══ RECORDED INFORMATION ══

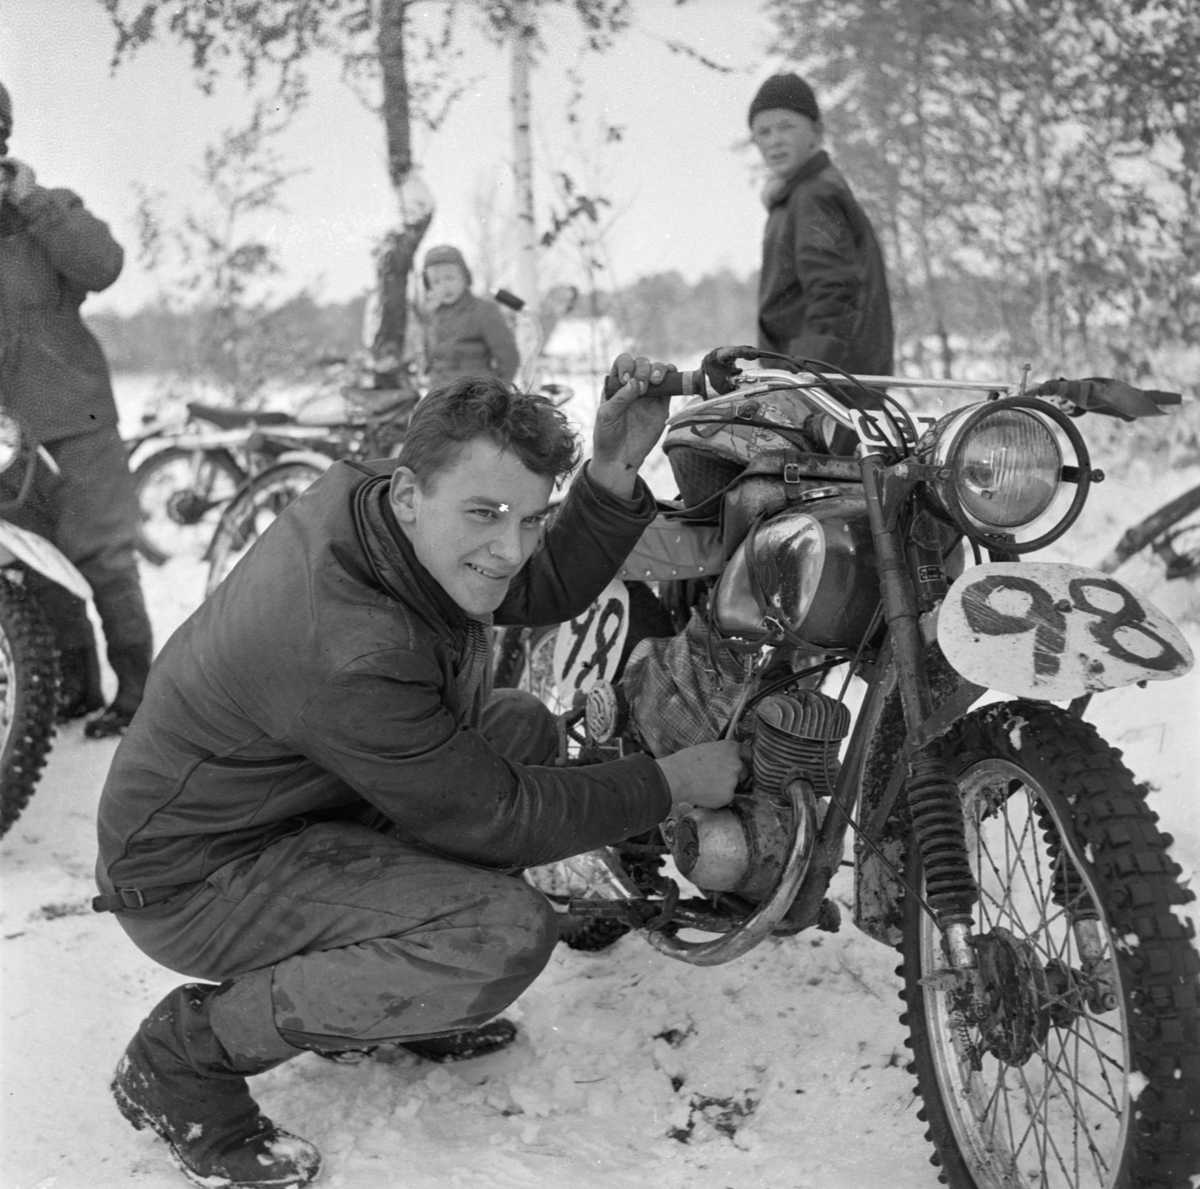 "Många goda prestationer" i motorcykeltävlingen Stigstråket, sannolikt Österbybruk, Films socken, Uppland oktober 1955. Rolf Nilsson från SMK Uppsala vid sin motorcykel
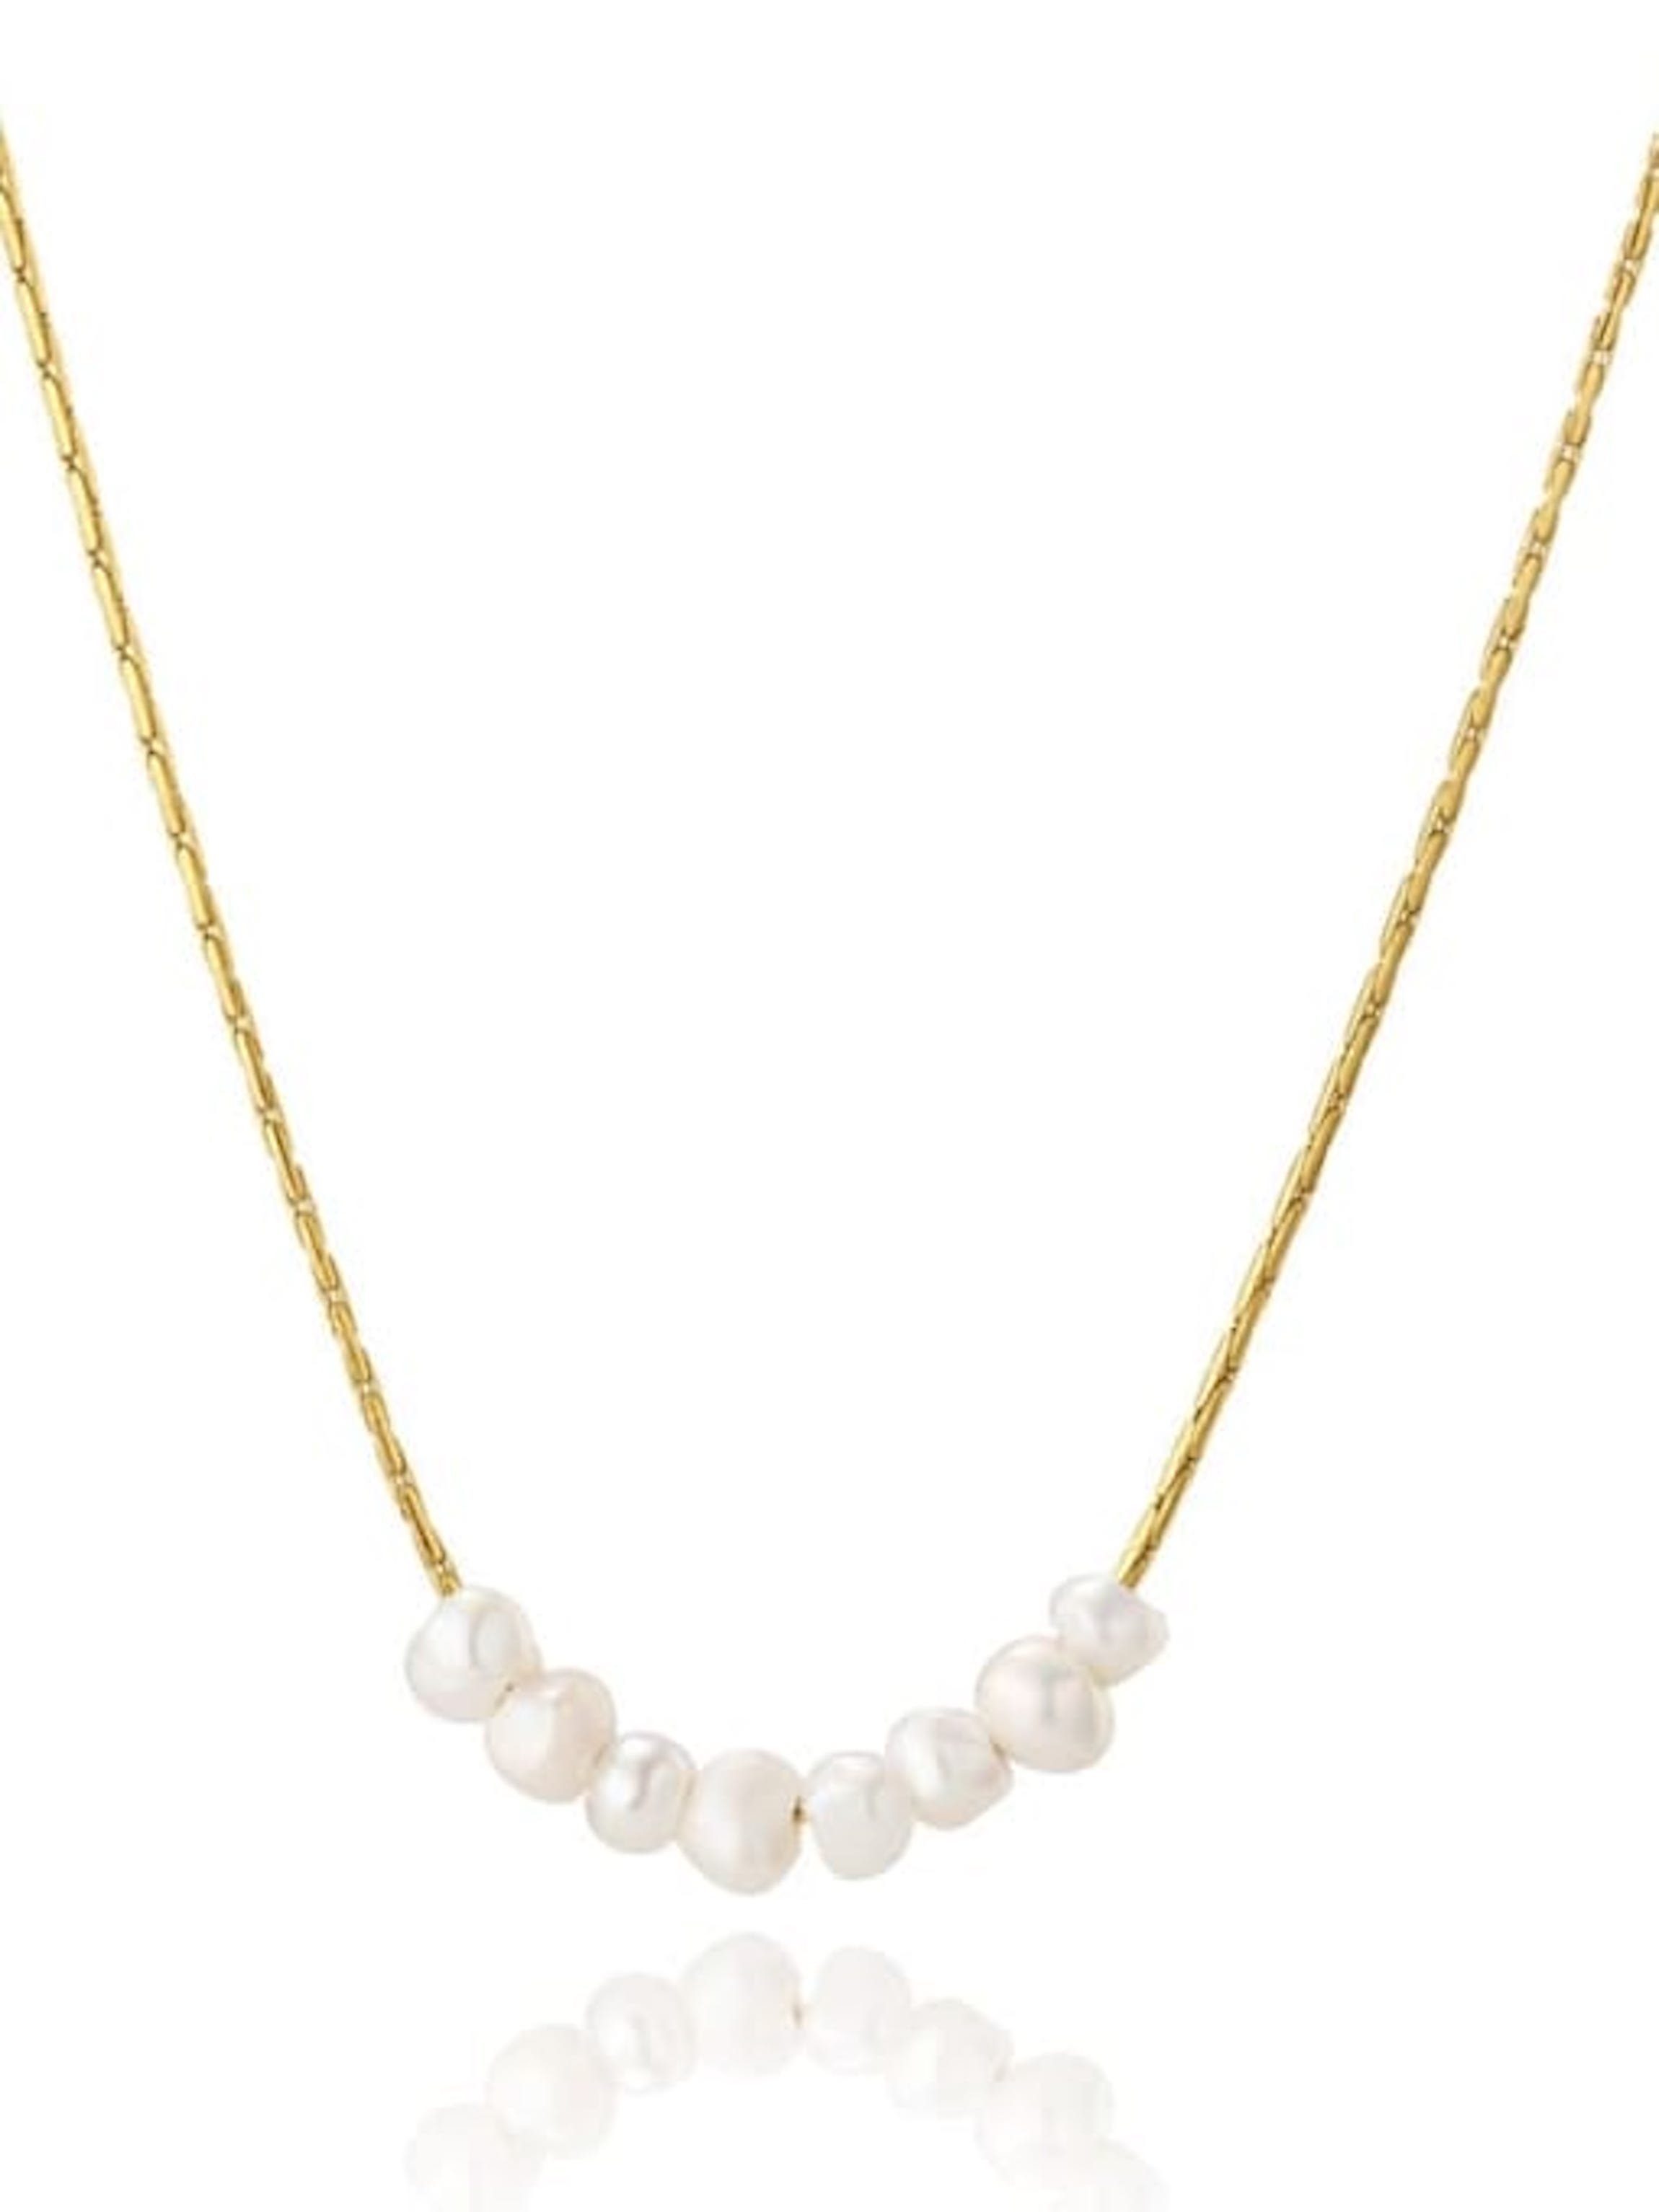 Süßwasserperlen mit Halskette Hochzeit, Süßwasserperlen Perlenkette Brautkrone kleine Perlenhalskette Edelstahl, 8
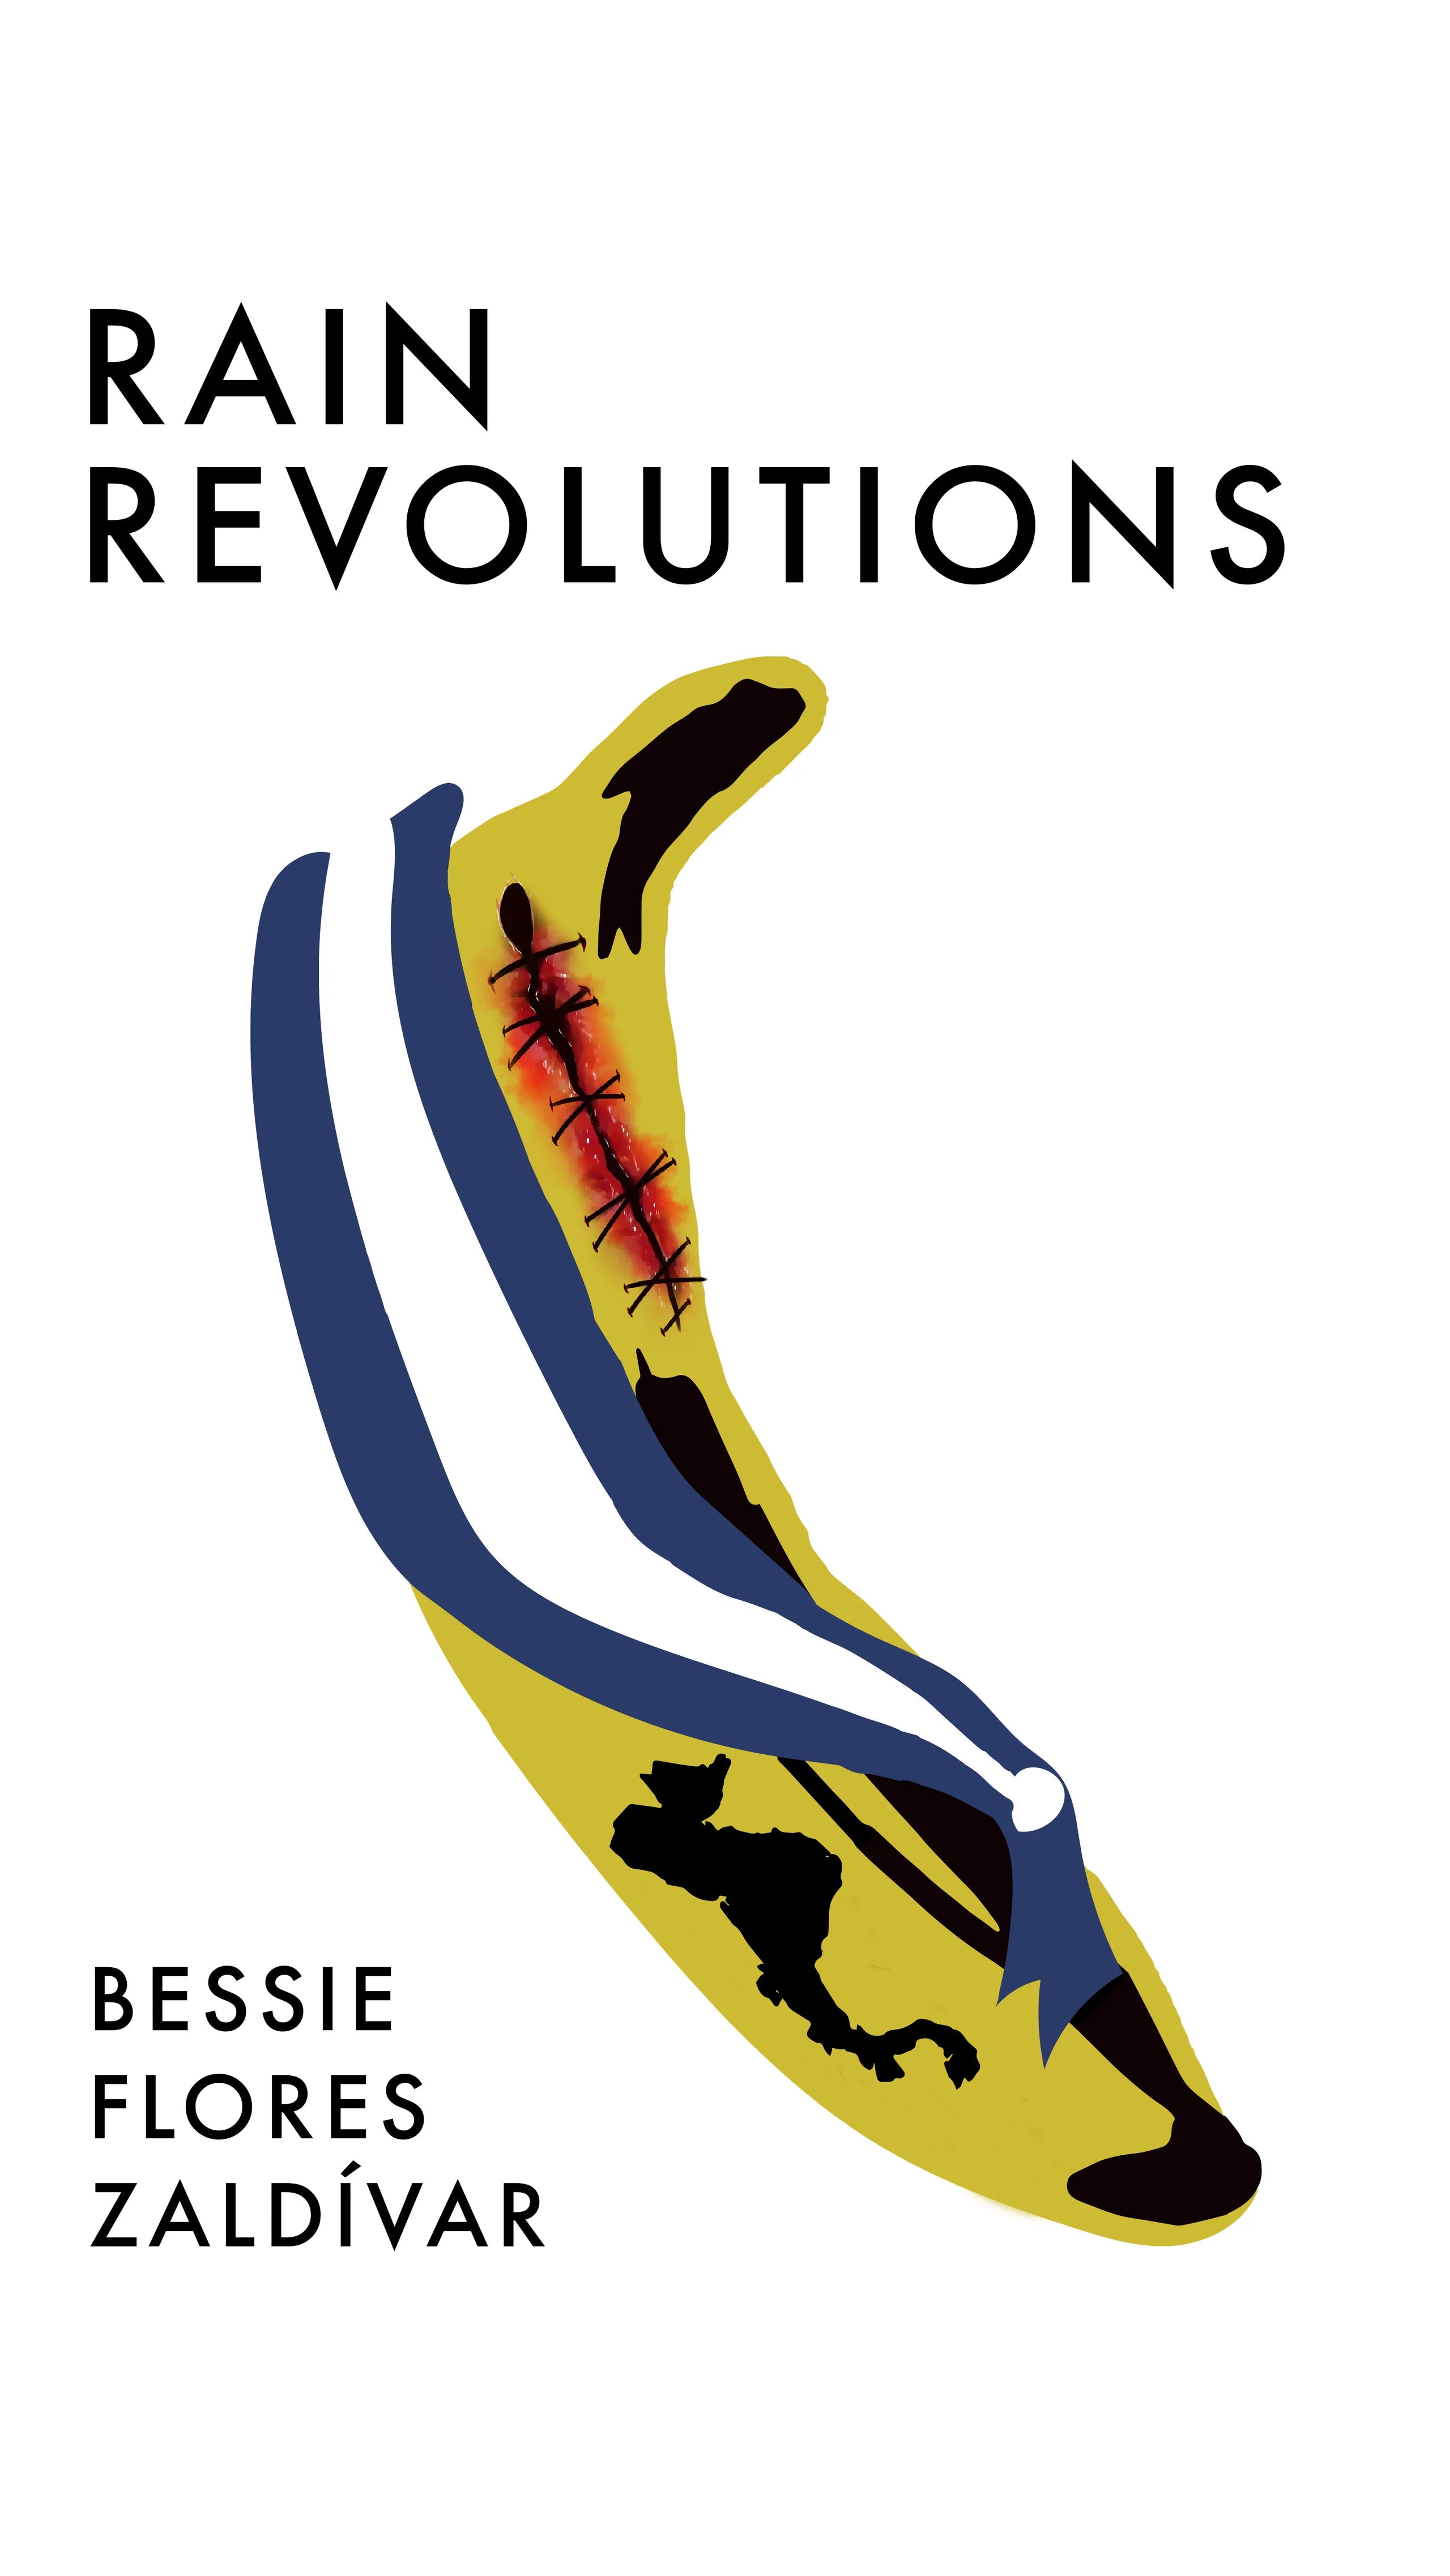 Rain Revolutions - Bessie Flores Zalvidir

═══

WORK TASK:
The data above, line by line: transcribe it exactly and drop the pictures.

RESULT FOR THIS TASK:
 "Många goda prestationer" i motorcykeltävlingen Stigstråket, sannolikt Österbybruk, Films socken, Uppland oktober 1955. Rolf Nilsson från SMK Uppsala vid sin motorcykel
 Süßwasserperlen mit Halskette Hochzeit, Süßwasserperlen Perlenkette Brautkrone kleine Perlenhalskette Edelstahl, 8
 Rain Revolutions - Bessie Flores Zalvidir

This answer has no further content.